Sunday, 24 July 2016

Time for a breather..

Chillax with a book

It’s the summer holidays for most English A Level students – time to relax after final or mock exam stress, stretch your legs and wiggle your toes.

If you’ve got a reading list for the next academic year, now is a fab opportunity to submerge yourself in those texts, to experience them as readers perhaps for the first time ... before you have to start analysing and writing about them!

Pausing for a while

At Crossref-it, we too are taking a breather. In just the past year we have added:
  • Four full-length text-guides on
    • The selected poems of John Keats
    • Othello, by William Shakespeare
    • The Color Purple, by Alice Walker
    • The Taming of the Shrew, by William Shakespeare
  • Themed lesson sequences on each of these texts
  • Thirty-four new Big Ideas from the Bible
  • Revision worksheets on eight texts featured on site
  • Eight new articles exploring poetic form.
Not surprisingly, we are now taking a break from adding further material for the present, so don’t be alarmed at the absence of blogs.

Meanwhile, having been built up to contain over 20,000 web entries, we trust that the current information more than meets your A Level English needs, so please enjoy exploring all that www.crossref-it.info continues to offer by scanning the green menu headings. And of course pass on details of the site to your mates and teachers.

Love literature, love life!

Thursday, 21 July 2016

Exploring the Big Ideas which run through literature

Cultural foundations

There are some themes and concepts which writers play with again and again through the canon of literature. They assume that their audience are familiar with the original concepts and so can recognise where each author has alluded to the idea or tweaked it for their own dramatic purposes.

Roald Dahl does the same thing when he takes the reader’s familiarity with well-known fairy tales, then suddenly challenges expectations by changing the narrative. His Red Riding Hood doesn’t get eaten (after whipping out a pistol!).

Reading enriched

Alluding to culturally embedded images and themes adds a whole new layer of meaning to our experience of literature, as readers bring their awareness of the source material to bear on the texts they encounter.

However, this all falls down once we lose our connection with what was once ‘common knowledge’.

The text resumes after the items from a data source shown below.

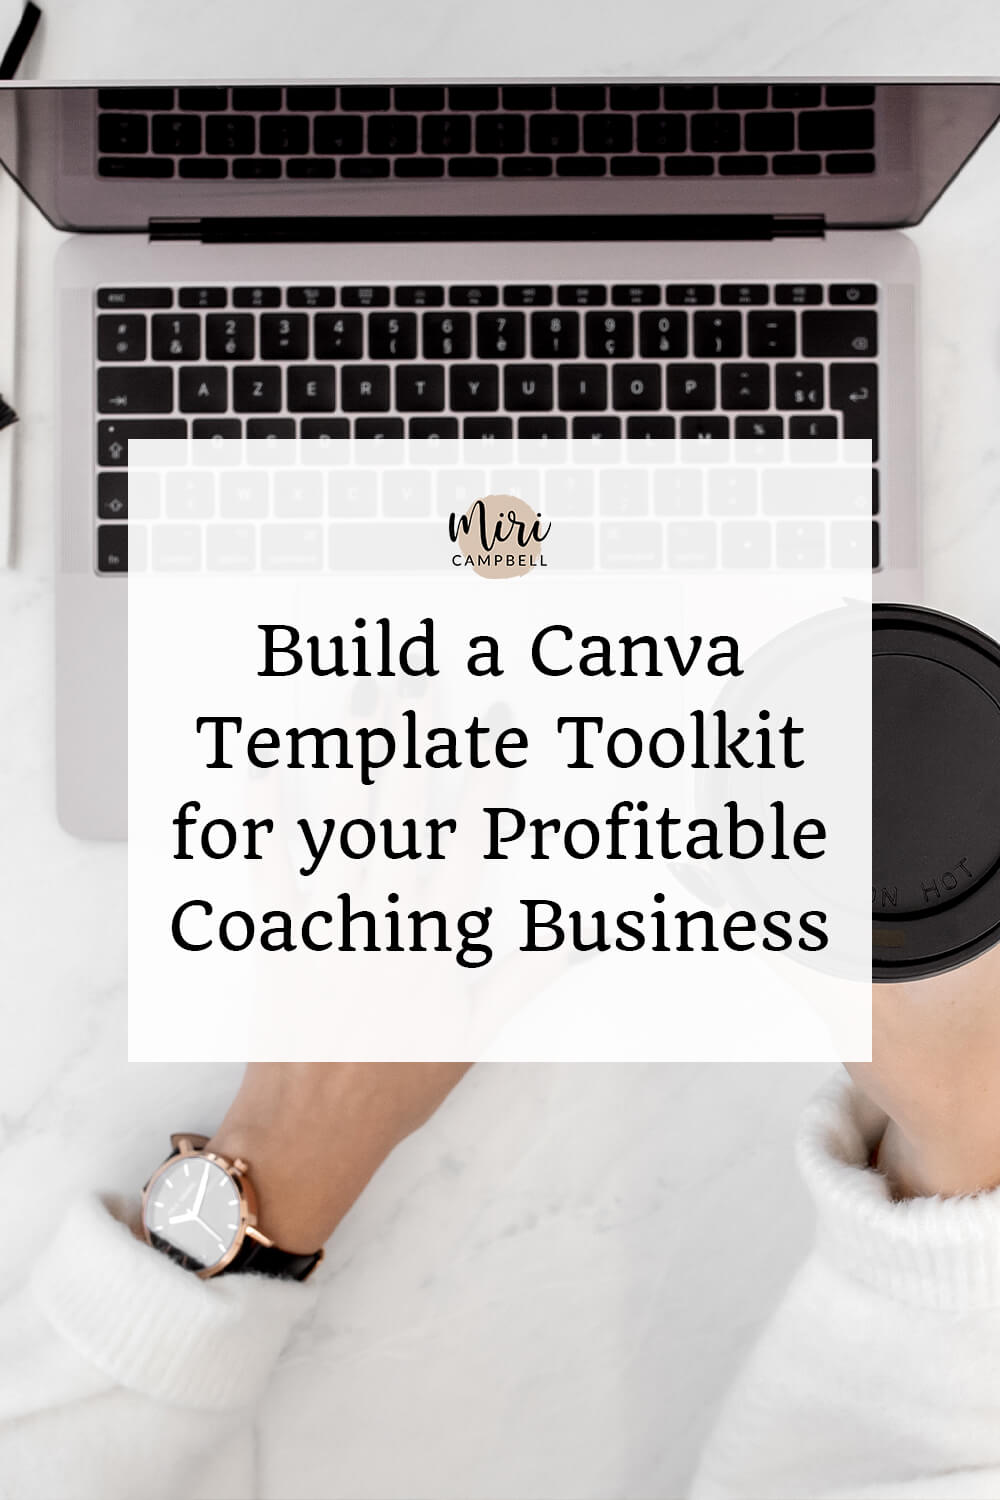 How to build a Canva template toolkit for a profitable coaching business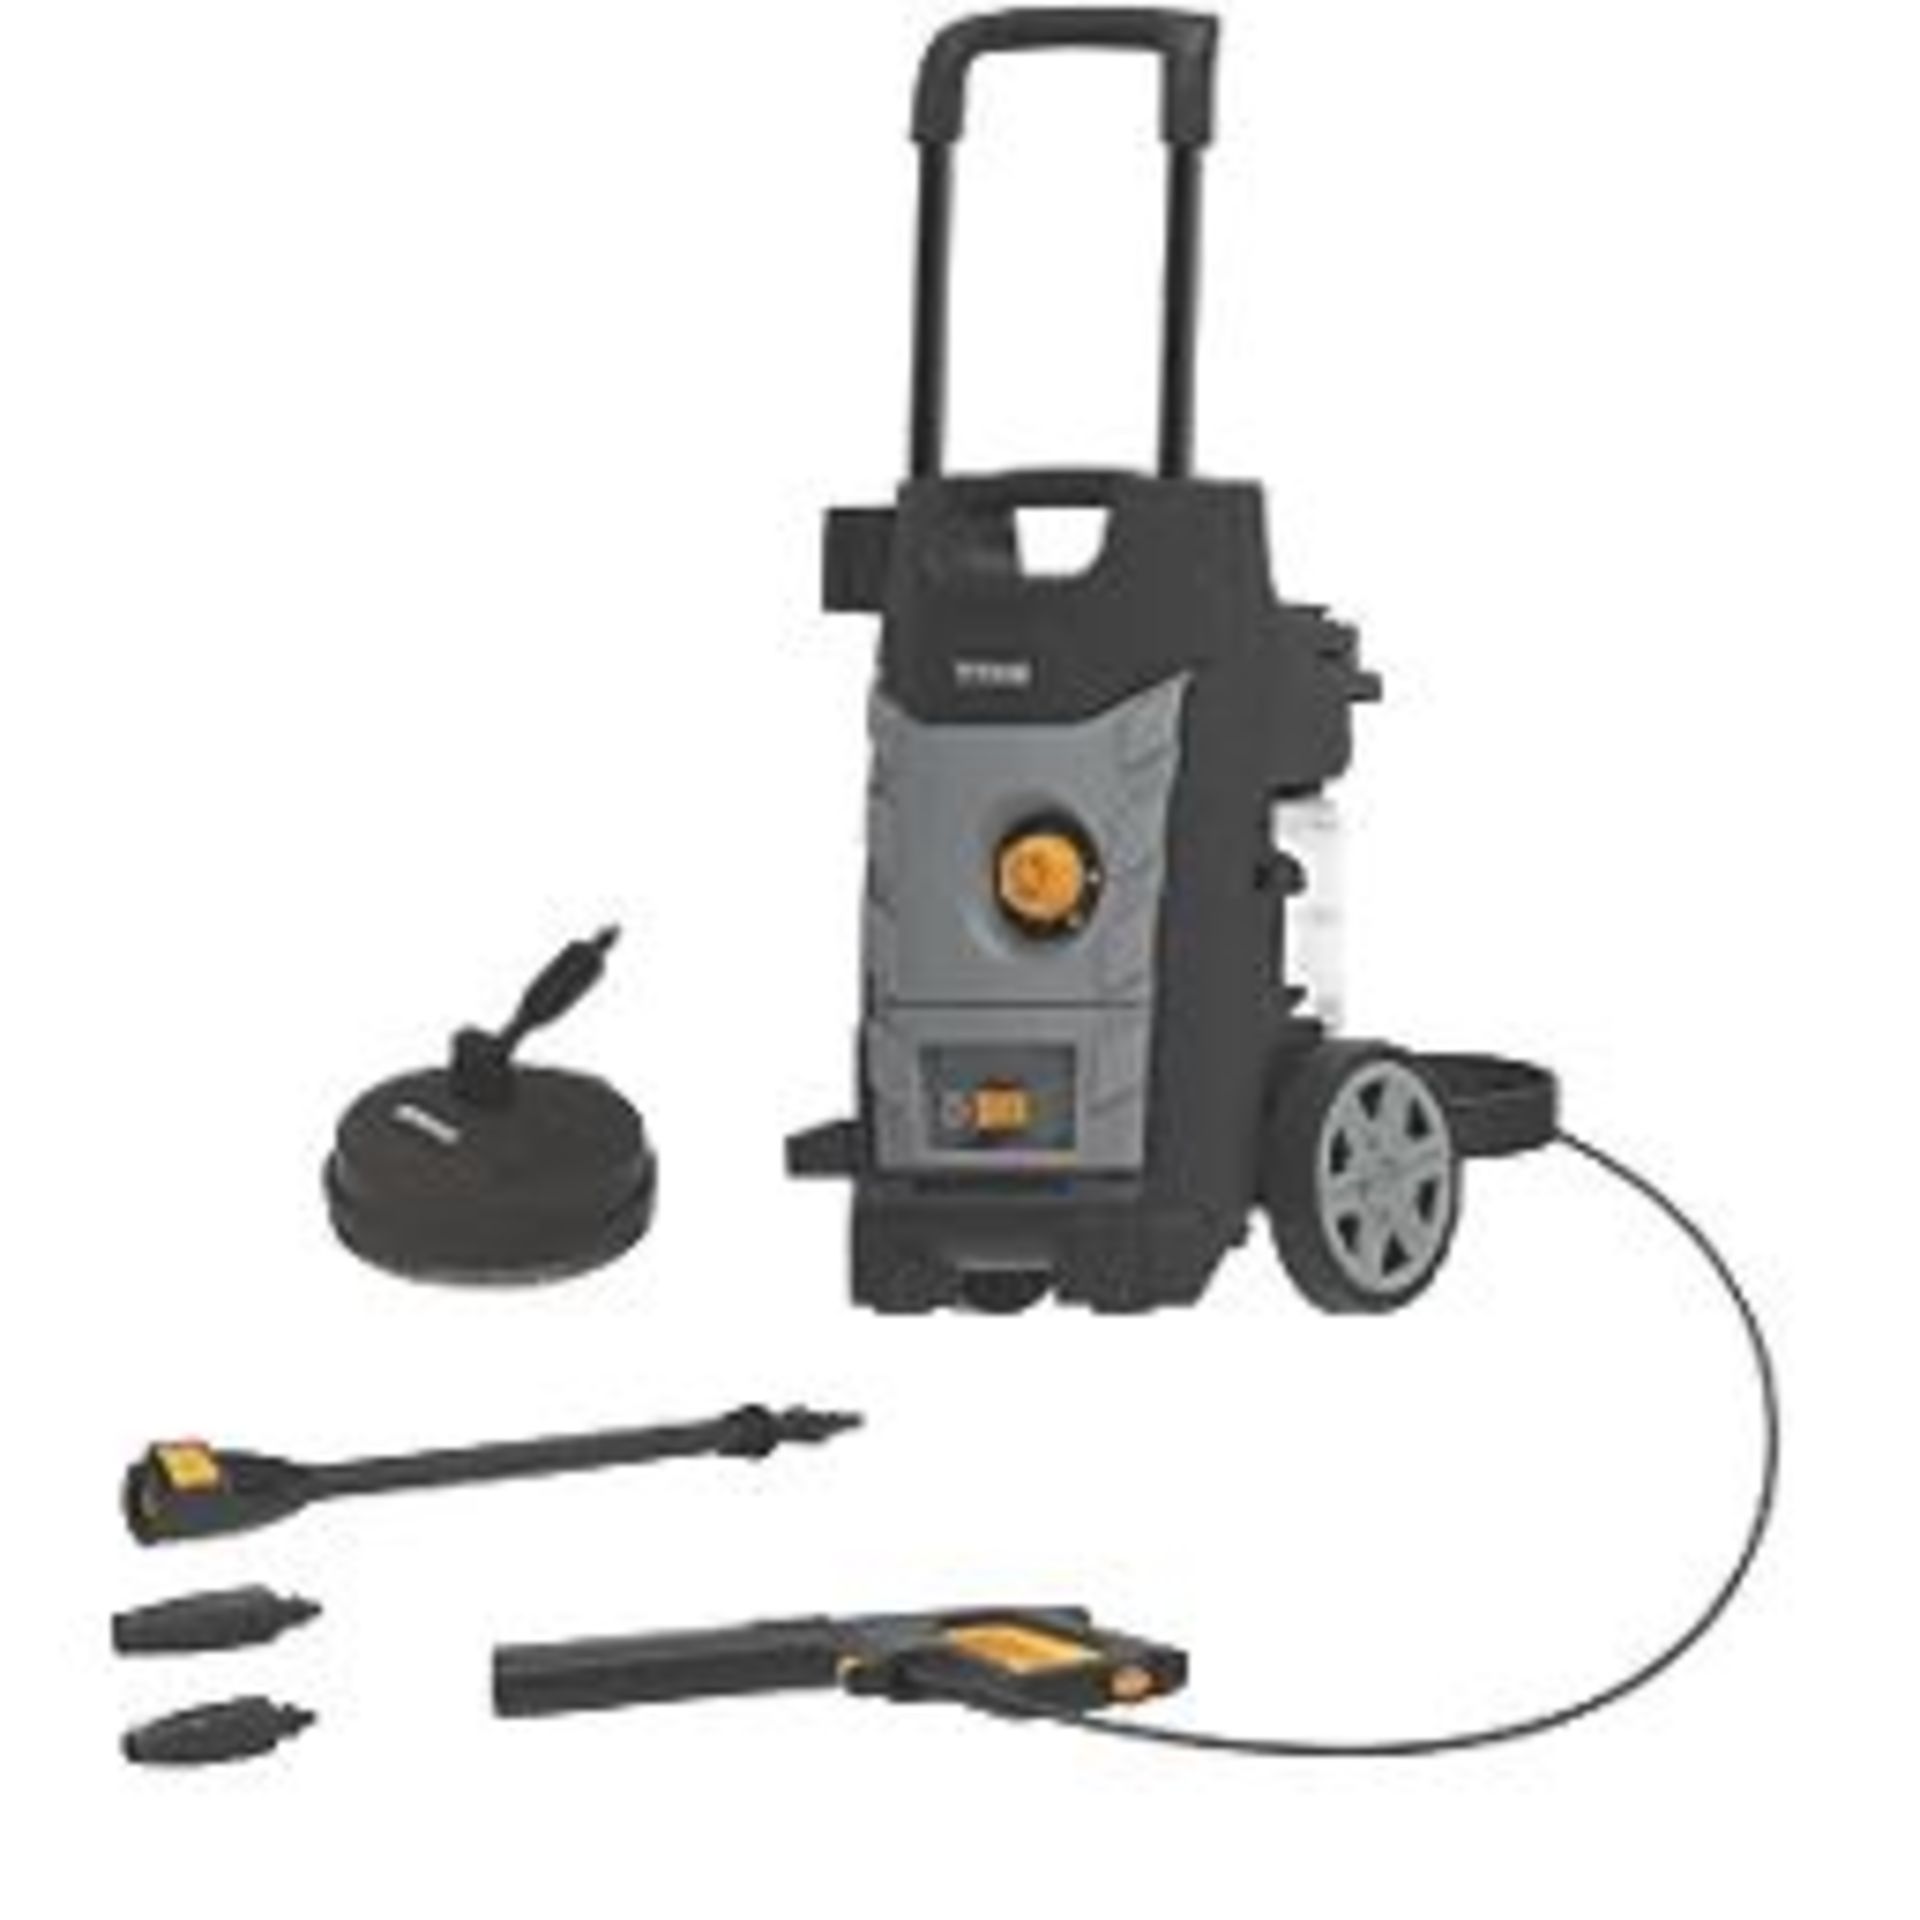 TITAN TTB1800PRW 140BAR ELECTRIC HIGH PRESSURE WASHER 1.8KW 230V . - S2. Compact design with space-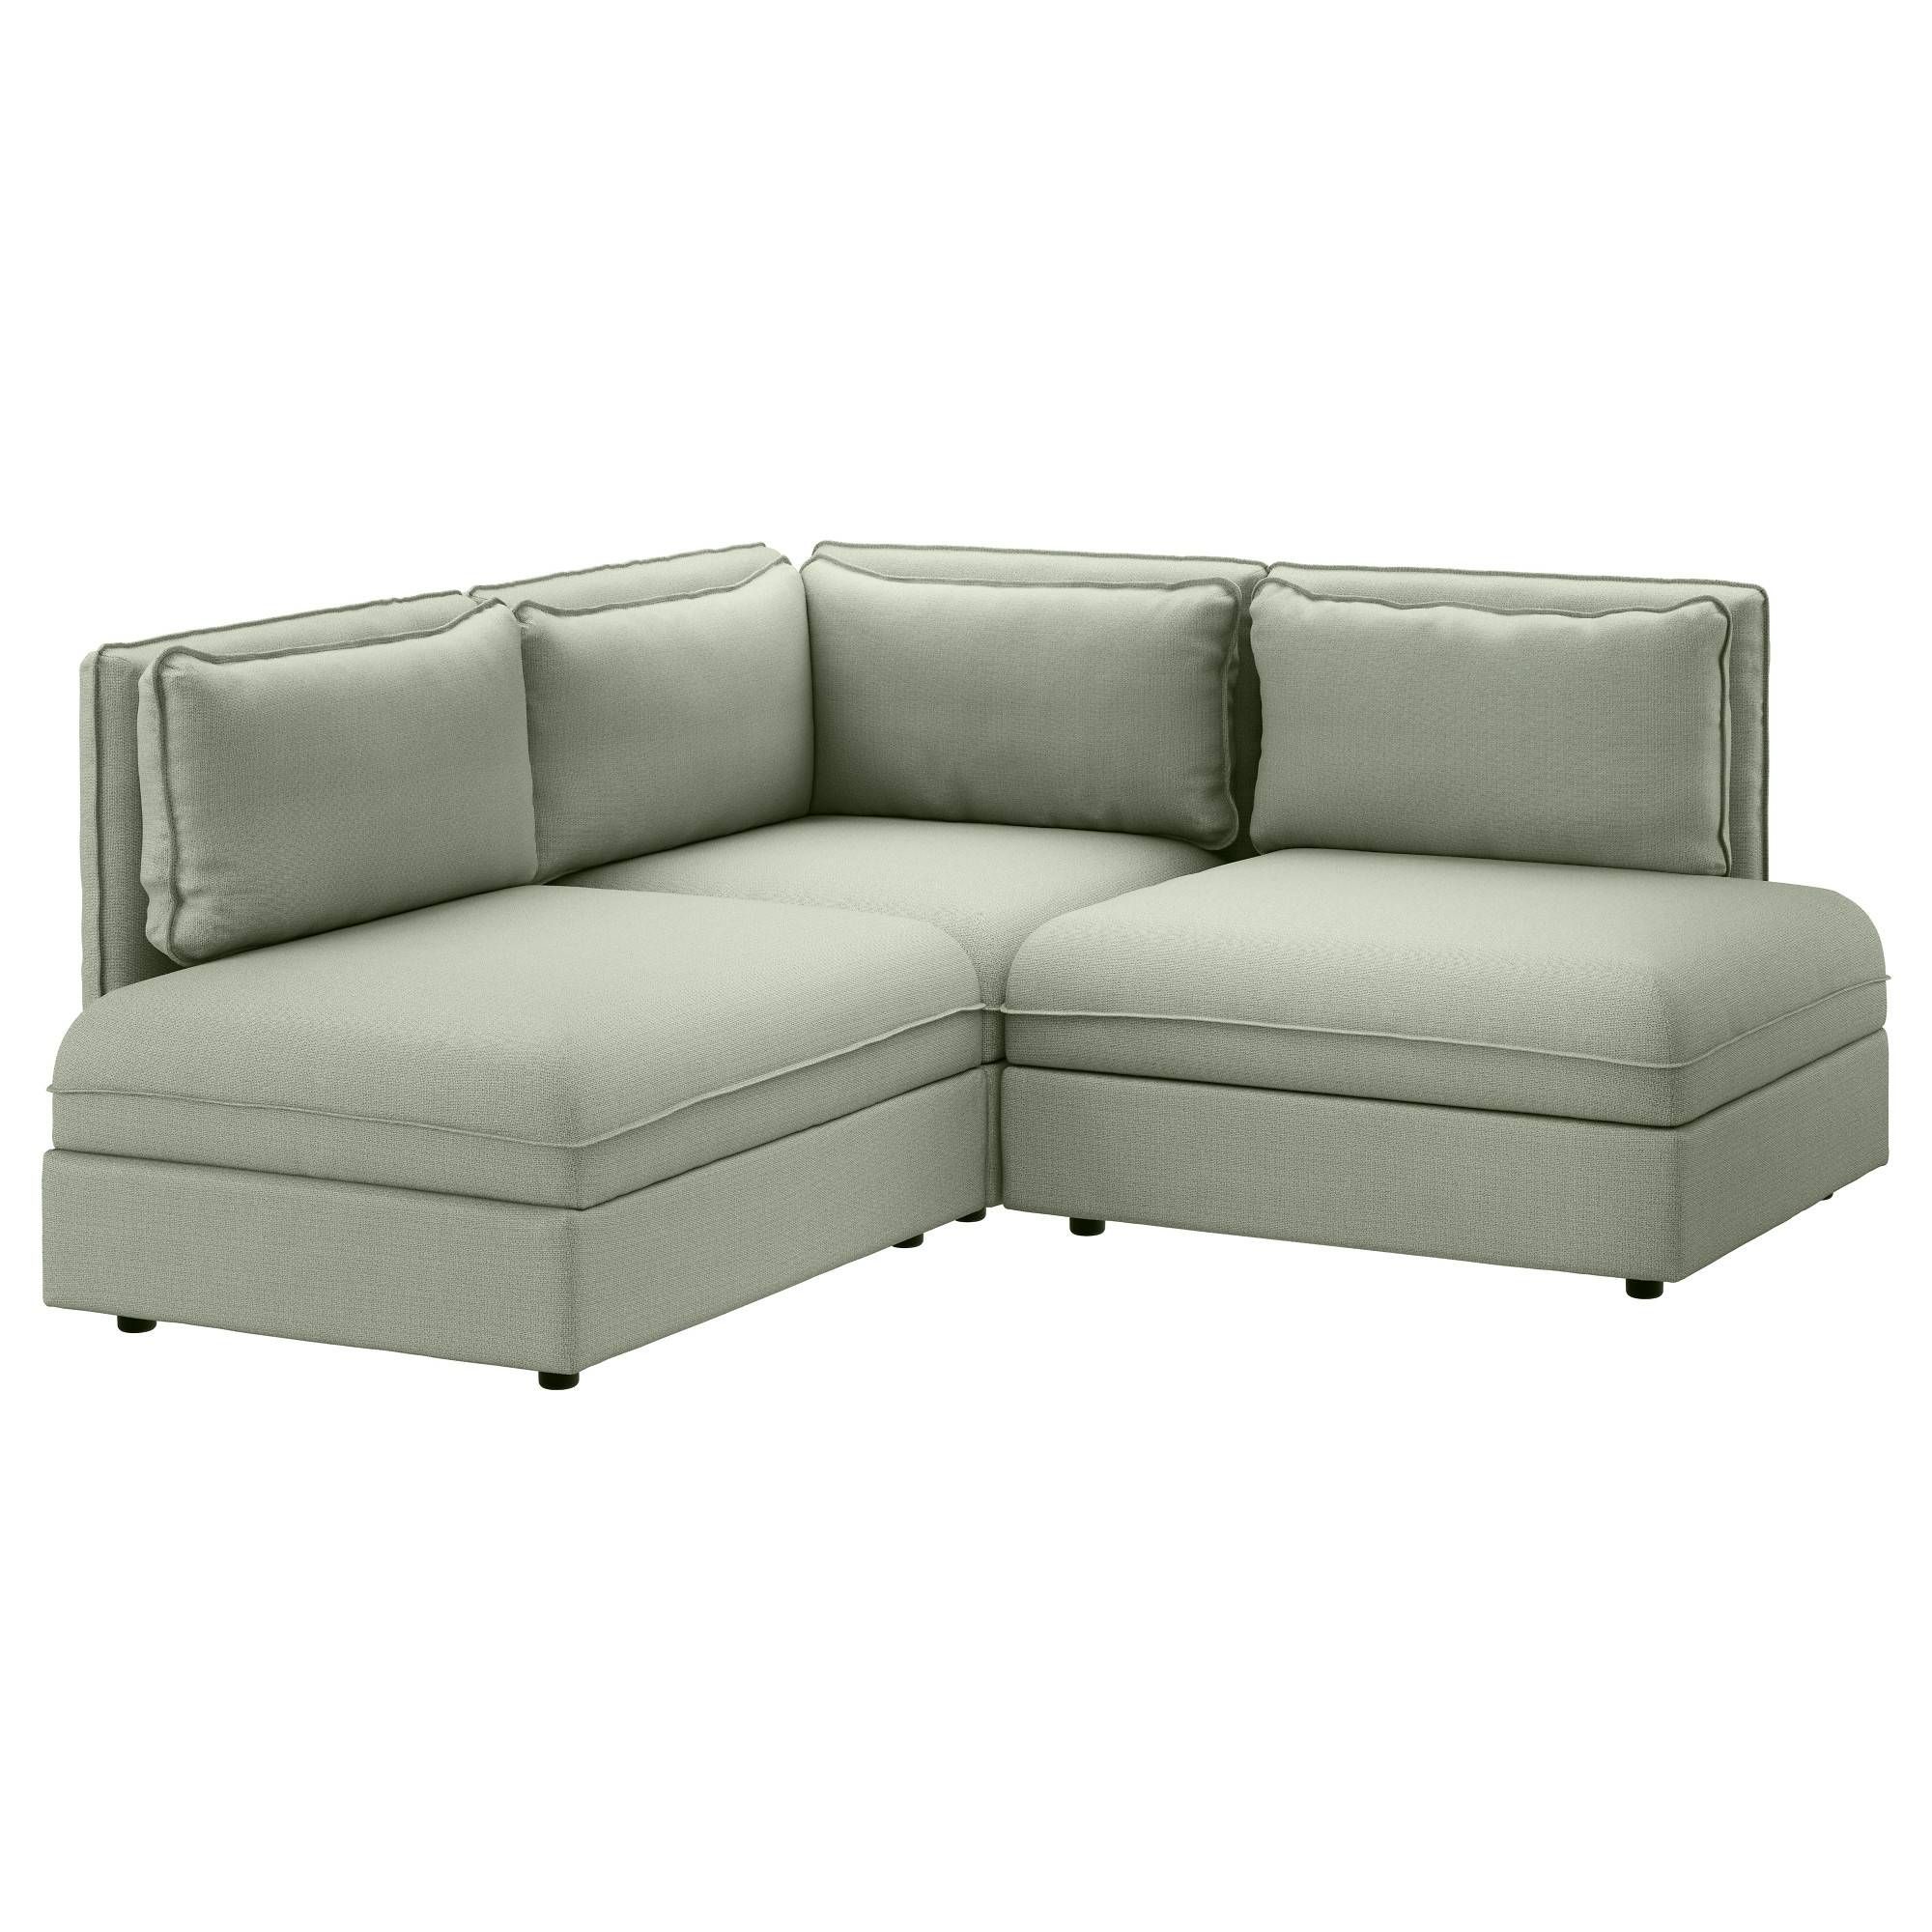 Furniture & Rug: Cheap Sectional Couches For Home Furniture Idea Throughout Small Modular Sectional Sofa (View 20 of 25)

  • For example, when Nelly accuses the elderly servant Joseph of being ‘the wearisomest self-righteous Pharisee’ in Wuthering Heights (ch 5), it means very little unless the reader recognises not only what a Pharisee is, but also the connotations of the term.
Often there’s not just one source for a concept, but it has built up through repeated usage. To explain the bigger picture, Crossref-it.info has a range of Big Ideas from the Classics and Big Ideas from the Bible. Crossref-it.info has just added to the latter as we encounter texts that refer to these concepts.
  • So in Rabbi, Pharisee, teacher of the law students can discover just why Nelly used the word Pharisee as term of abuse.
  • By exploring Poverty and wealth, readers will have a better understanding of Cornelia’s motivation in The White Devil, or the Old Woman’s homily in The Wife of Bath’s Tale, as they gain insight into ideas that run counter to our modern culture.

These are just a couple of examples. Crossref-it.info now features one hundred Big Ideas from the Bible. Exploring them over the summer holidays will really help you get to grips with your A Level Lit. texts come September.

Friday, 8 July 2016

Exploring The Taming of the Shrew: Lesson worksheets for A Level Eng. Lit. teachers

Last week Crossref-it.info launched a comprehensive new guide for A Level Eng. Lit. students examining Shakespeare’s problematic comedy, The Taming of the Shrew.

Now there is help for teachers.

New updates mean that the text-guide is now accompanied by two sets of freely downloadable worksheets:
  • Investigate The Taming of the Shrew handouts pose exploratory questions on each scene in the play, helping students build up a valuable bank of notes. Collated from the text-guide and covering:
    • Induction and Act 1
    • Acts 2 and 3
    • Act 4
    • Act 5
these are great timesavers for teachers, and can be used to help students revise, catch up missed work or simply to set for homework.
  • Exploring aspects of the play and its world in greater depth and breadth, there are six new collections of lesson ideas exploring:
    • The play’s unusual double opening of the Induction and Act 1
    • How Shakespeare employs – and deviates from – the comic conventions of his era
    • Whether Bianca really is a ‘perfect woman’
    • The ways in which Petruchio and Katherina are paired and opposed
    • How the theme of marriage is developed through the play
    • How issues of social order and disorder permeate the plot.
Complementing most of these explorations are easily photocopiable student handouts.

Text-guide links

Each worksheet suggests where students can find handy information to help them deepen their knowledge by linking back to relevant pages within the new text-guide on The Taming of the Shrew. From there they can follow other links or simply roam through the wealth of material provided.

Created by UK educationalists, you can trust Crossref-it.info resources!